* EXERCISE DIRECTIONS:
Copy the listing exactly as given. Omit every picture.

* GIVEN INFORMATION:
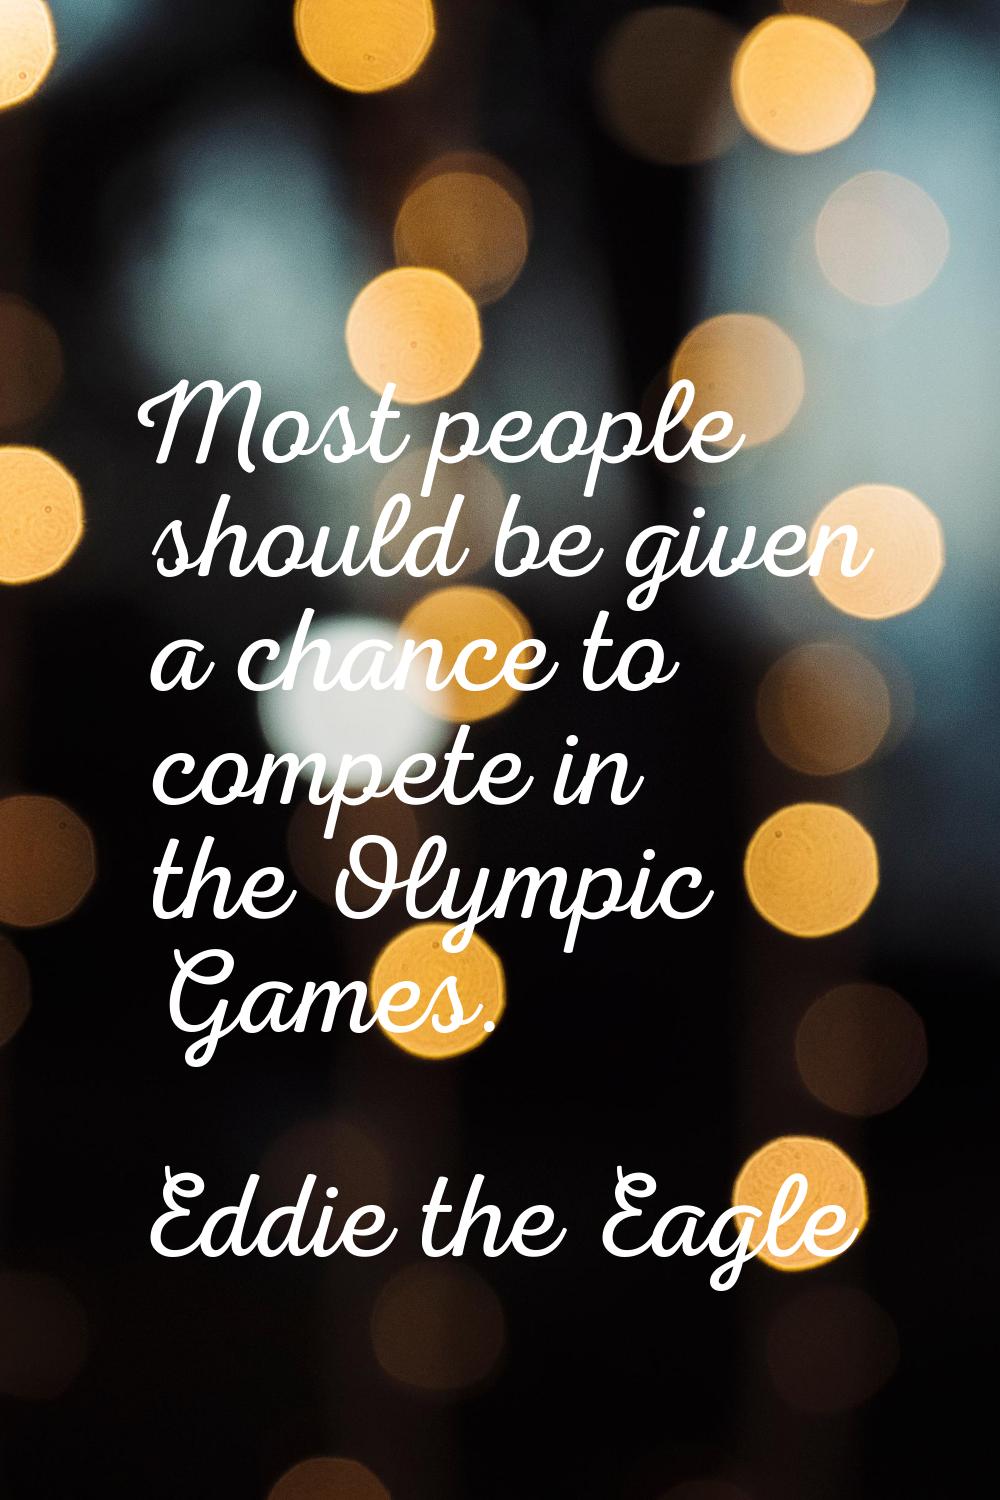 Most people should be given a chance to compete in the Olympic Games.
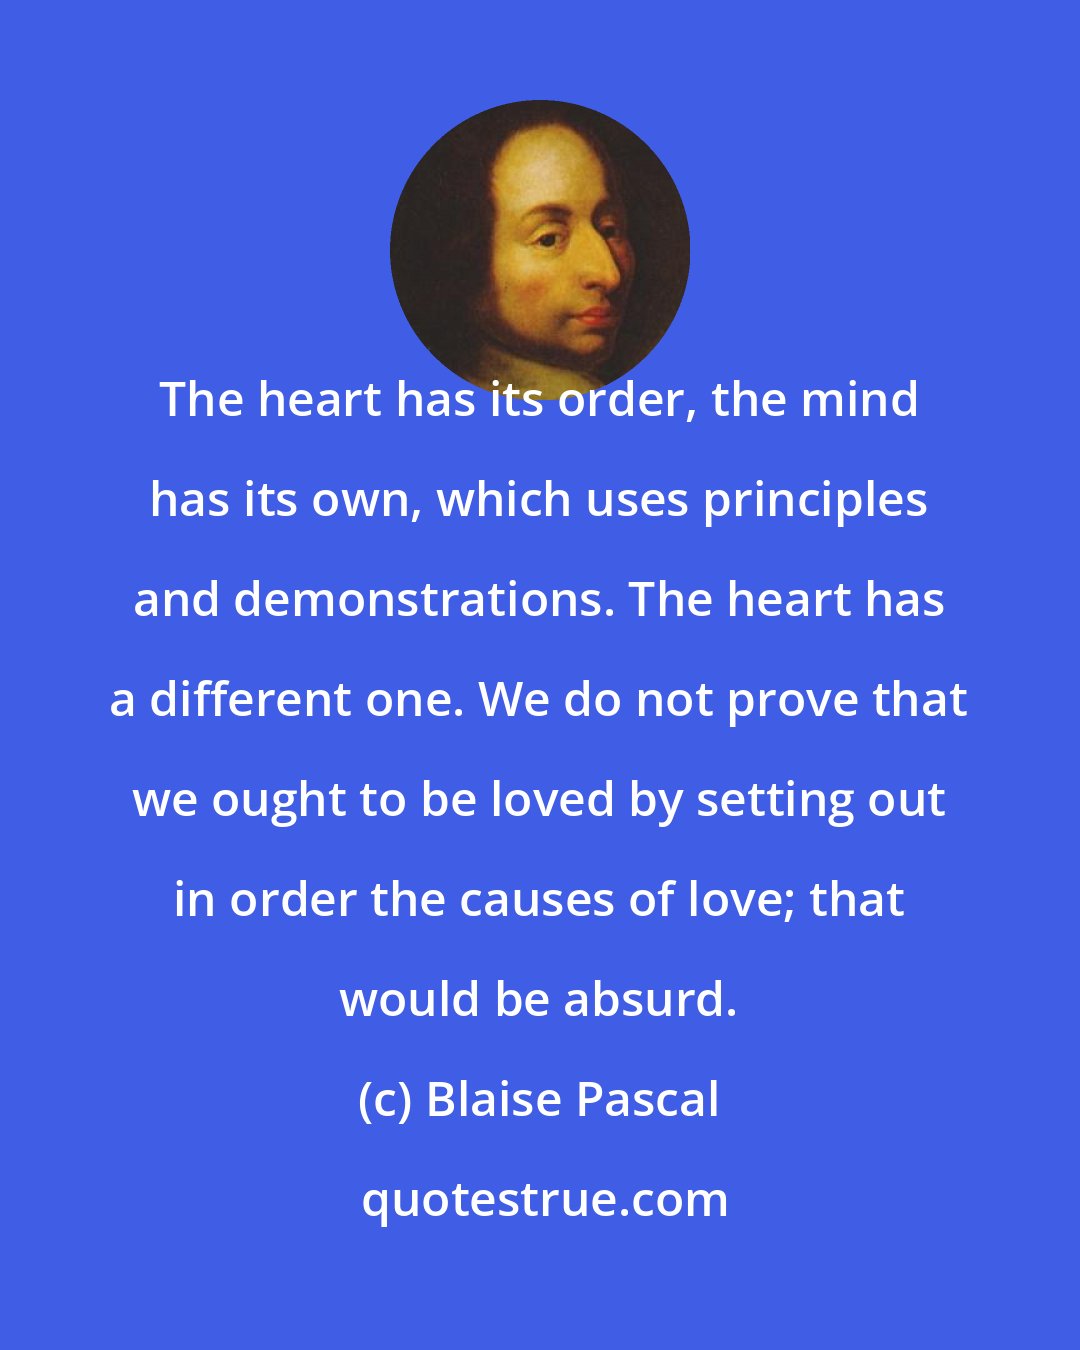 Blaise Pascal: The heart has its order, the mind has its own, which uses principles and demonstrations. The heart has a different one. We do not prove that we ought to be loved by setting out in order the causes of love; that would be absurd.
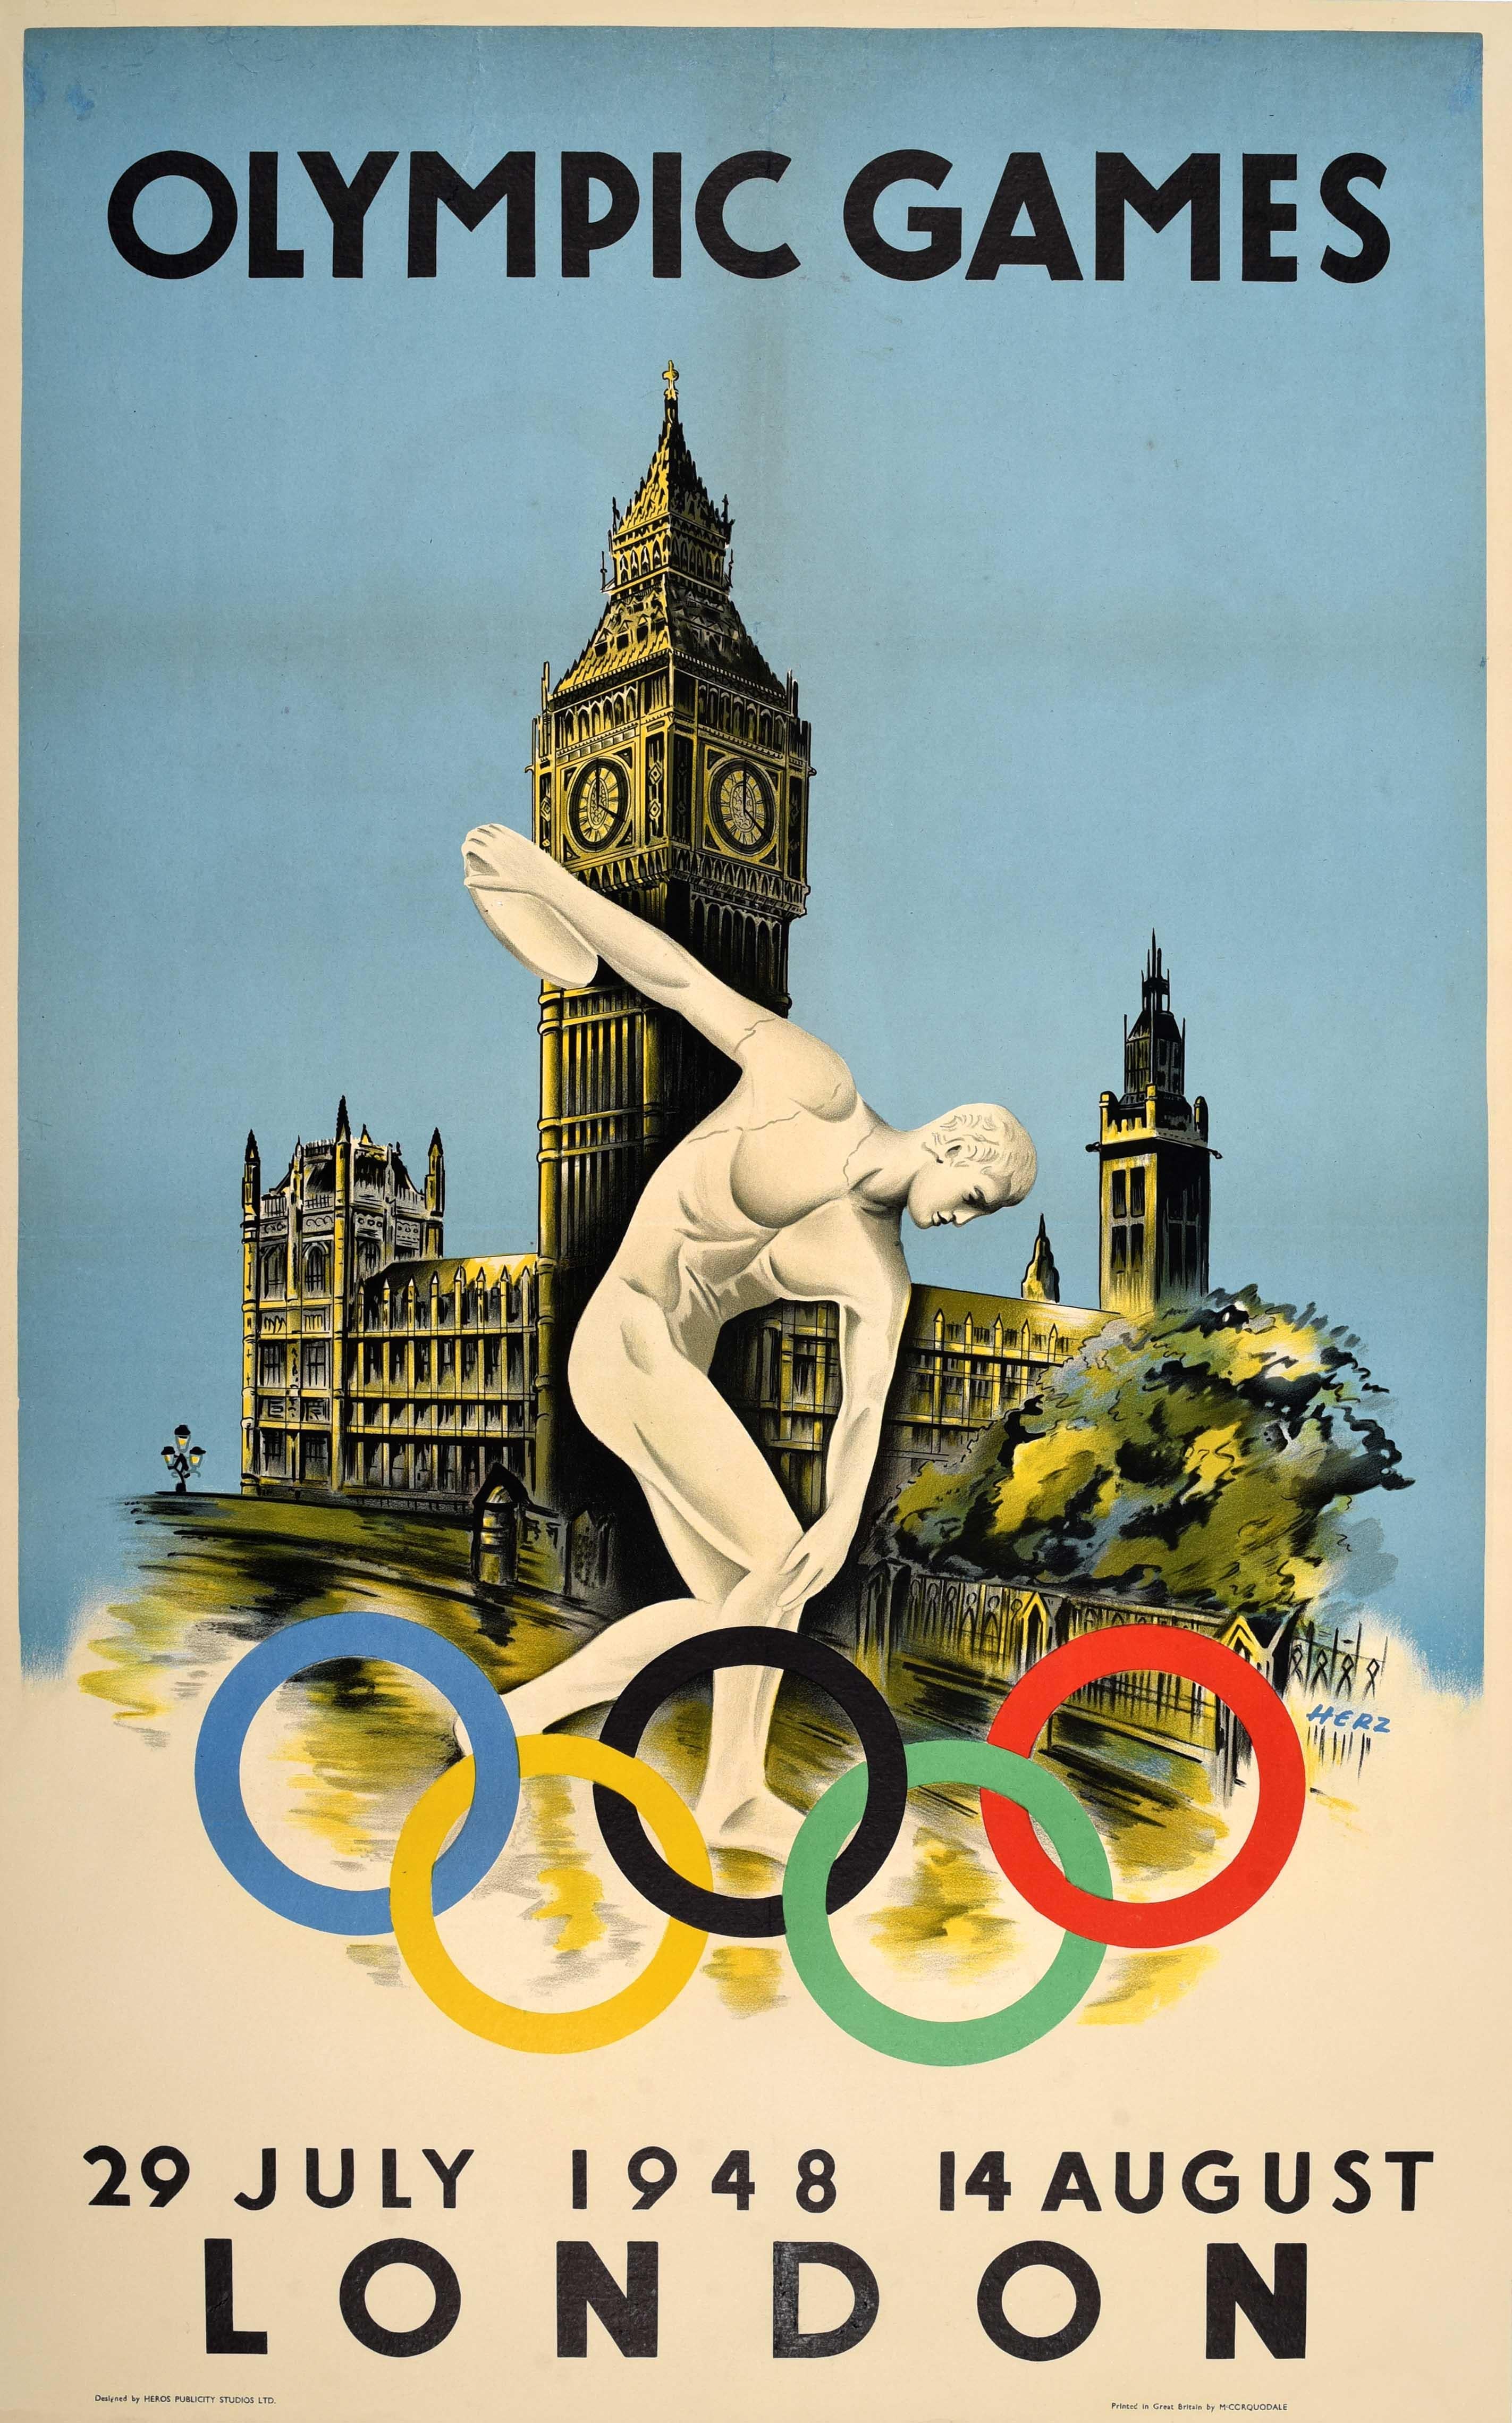 Original vintage poster for the 1948 London Olympic Games held from 29 July to 14 August, the first Games held after World War Two. Iconic design by Walter Herz (b 1909) featuring the Ancient Greek statue of Discobolus of Myron, the discus thrower,
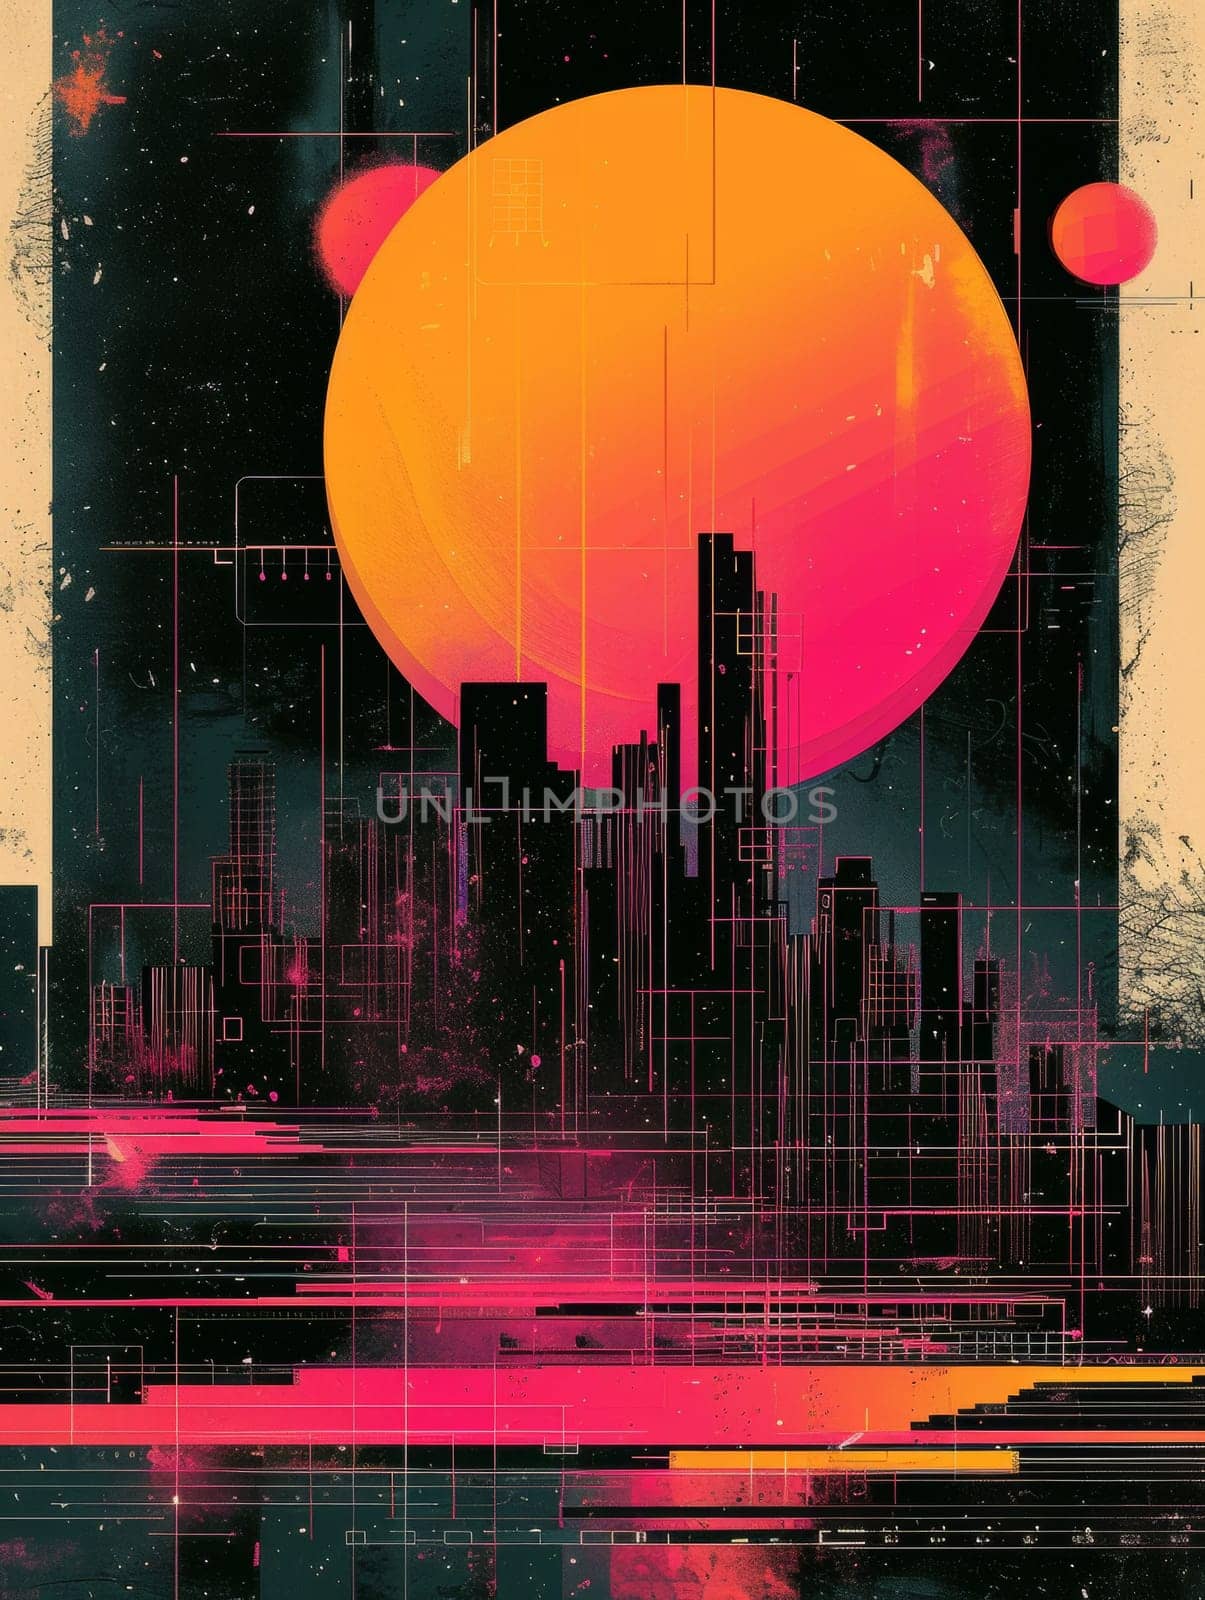 A cityscape with a large orange orb in the sky, AI by starush

* PROBLEM SOLUTION:
 Most people should be given a chance to compete in the Olympic Games.
 Blaise Pascal: The heart has its order, the mind has its own, which uses principles and demonstrations. The heart has a different one. We do not prove that we ought to be loved by setting out in order the causes of love; that would be absurd.
 Original vintage poster for the 1948 London Olympic Games held from 29 July to 14 August, the first Games held after World War Two. Iconic design by Walter Herz (b 1909) featuring the Ancient Greek statue of Discobolus of Myron, the discus thrower,
 A cityscape with a large orange orb in the sky, AI by starush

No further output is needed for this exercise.